Analyses of the outcomes of patients who underwent colonoscopic surveillance for 10 years following the detection of LGD did not show a statistically significant difference from the outcomes of control patients. This conclusion is supported by histopathologic reviews, which have demonstrated the unreliability of LGD diagnosis [29]. Thus, the current opinion is that a diagnosis of LGD does not justify prophylactic colectomy.
However, there are opposing views regarding whether only flat lesions should be followed up endoscopically, because dysplastic lesions, which eventually progress to invasive cancer, cannot be consistently and reliably detected through successive surveillances [30]. Bernstein et al. [22] analyzed ten prospective studies (1225 patients), in which the lesions of 16–29 % of the patients progressed from untreated LGD to DALM, HGD, or cancer. In their retrospective study, Kiran et al. [31] showed that the rate of the risk of cancer in postoperative pathologic findings was 3 % even if preoperative biopsies demonstrated LGD. In general, because advanced neoplasia can be found in association with dysplastic changes of any grade, patients with confirmed dysplasia of any grade should undergo colectomy [13, 22, 26, 31, 32].
According to the current American College of Gastroenterology guideline [33], surgery should be promptly considered in patients with flat LGD to prevent progression to a higher grade of neoplasia. In the Medical Position Statement of the American Gastroenterological Association [34, 35], multifocal LGD is a strong indication for colectomy. In addition, although controversial, there is evidence to suggest that patients with flat, unifocal, LGD should also be considered for colectomy [36, 37].
Primary sclerosing cholangitis (PSC) is typically associated with inflammatory bowel disease (IBD), particularly UC. PSC-IBD patients are at an increased risk of colorectal neoplasia [38]. In one-third of PSC-UC patients, LGD will progress to HGD/CRC. Venkatesh et al. [39] evaluated ten PSC-UC patients with LGD who underwent surveillance colonoscopy. In three (30 %) patients, LGD progressed to raised HGD over a mean follow-up of 13 ± 11 months, and HGD occurred more frequently within the first year of the initial detection of LGD (23.5 per 100 patient-years of follow-up). Therefore, PSC-UC patients with LGD should be closely and carefully followed.
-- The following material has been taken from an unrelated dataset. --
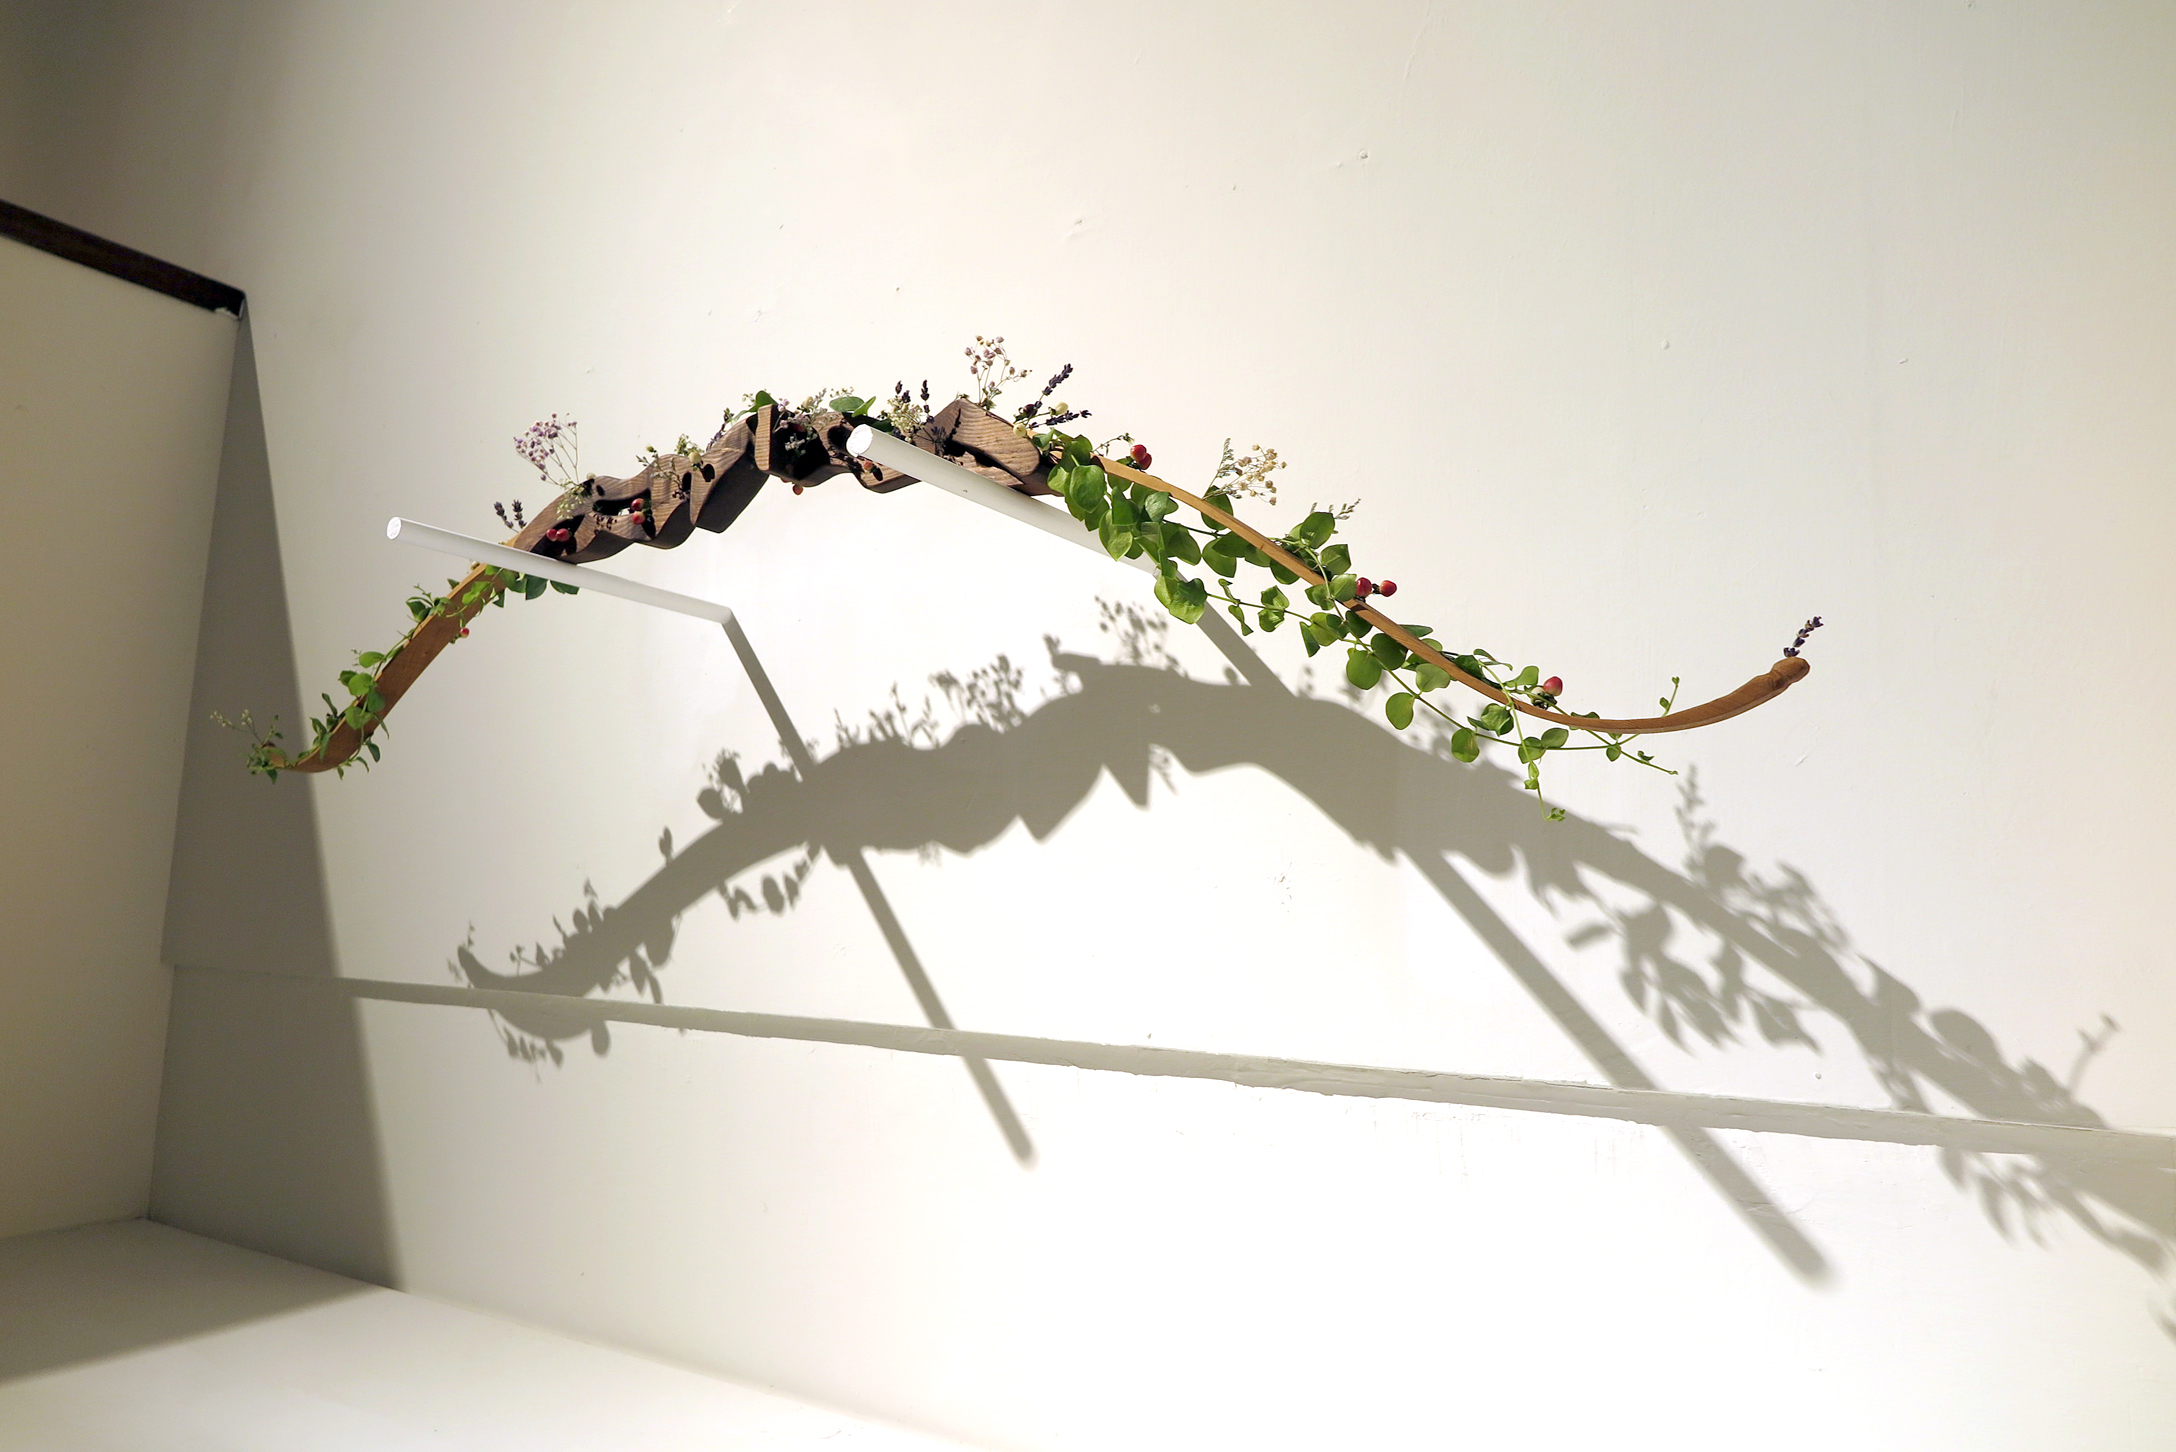 张纳祈同学的作品「放下」对战争的正当性提出质问，并透过亲手雕刻的弓箭与装置上的植物来表达「爱」才是能让纷争得以消弭的最终答案。

2.3 Dysplasia-Associated Lesion or Mass
It was initially suggested that any dysplasia found in association with a DALM, in particular with a polypoid mass, indicates a high likelihood of the presence of synchronous or metachronous neoplasia [40]. Bernstein et al. [22] evaluated 40 patients with DALM from ten prospective studies (1225 patients); 17 (43 %) of the patients already had cancer at immediate colectomy. In another report of patients with HGD in DALM who were followed for over 5 years, none of the patients had carcinoma, either in surveillance biopsies or in resection specimens [41]. Thus, the latter authors concluded that the presence of HGD in DALMs does not warrant colectomy with continued close observation.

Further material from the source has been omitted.